In this short bilingual book – in French and English – innovative British sax player Evan Parker decipher the process of solo free improvisation and shares insights about shaping developing such improvisations as coherent compositions. This short book is based on a lecture that Parker has given in May 1992, and a an improvised piece – «De Motu» – originally commissioned by the Zaal of Unie in Rotterdam and dedicated «with affection» to the memory German double bass player Buschi Niebergall, «a great improviser and philosopher», who has away on January 1990.
Parker sees improvisation as a compositional method, open to the final «tuning» and adjustment to the specific circumstances of performance and always as a challenge of filling the acoustic space with sounds that have the power «to point at a dimension beyond the mundane, beyond the known, to allude to the unknowable, the other…» He claims that from an instrumentalist point of view, all improvisations are somehow «prepared», given the needed knowledge of the instrument and improviser own extended techniques – circular breathing in his own case. Parker details his own influences, from Roland Kirk, through Steve Lacy and John Coltrane, until realizing that the saxophone «can just as well be seen as a closed tube that can be opened in various ways as on open tube that can be closed in various ways».

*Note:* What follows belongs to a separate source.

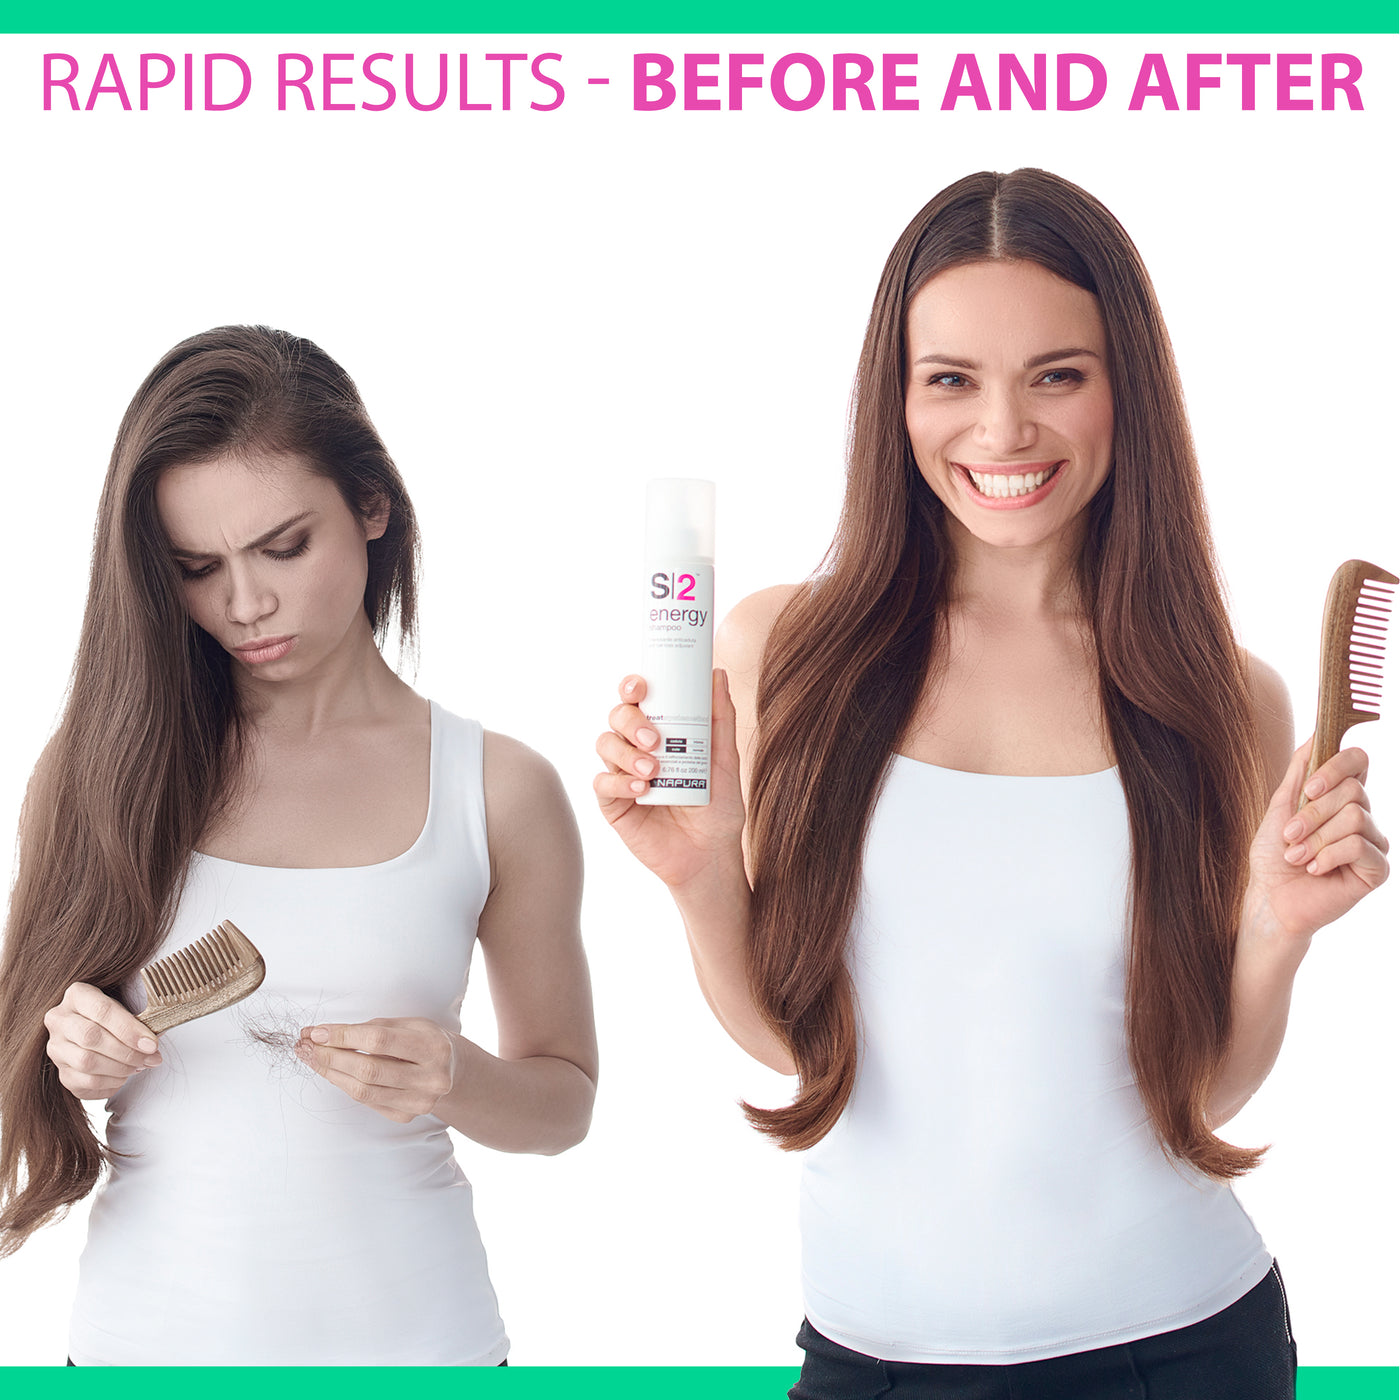 NAPURA S2 (6.76 fl oz) Professional Anti Hair Loss Shampoo with Biotin

He adds that the «total developing awareness of the instrument as a channel for the imagination but at the same time as a shaper and perhaps limiter of the imagination». And compares his own preparations for solo improvisations to a «painter’s sketchbook were fragments of might become the final work are treated in isolation from one another». These fragments are only illustrative, and often Parker messes with them, stressing the obvious – there are no «wrong notes» in free improvisation.
Wise man. One of the greatest free improvisers.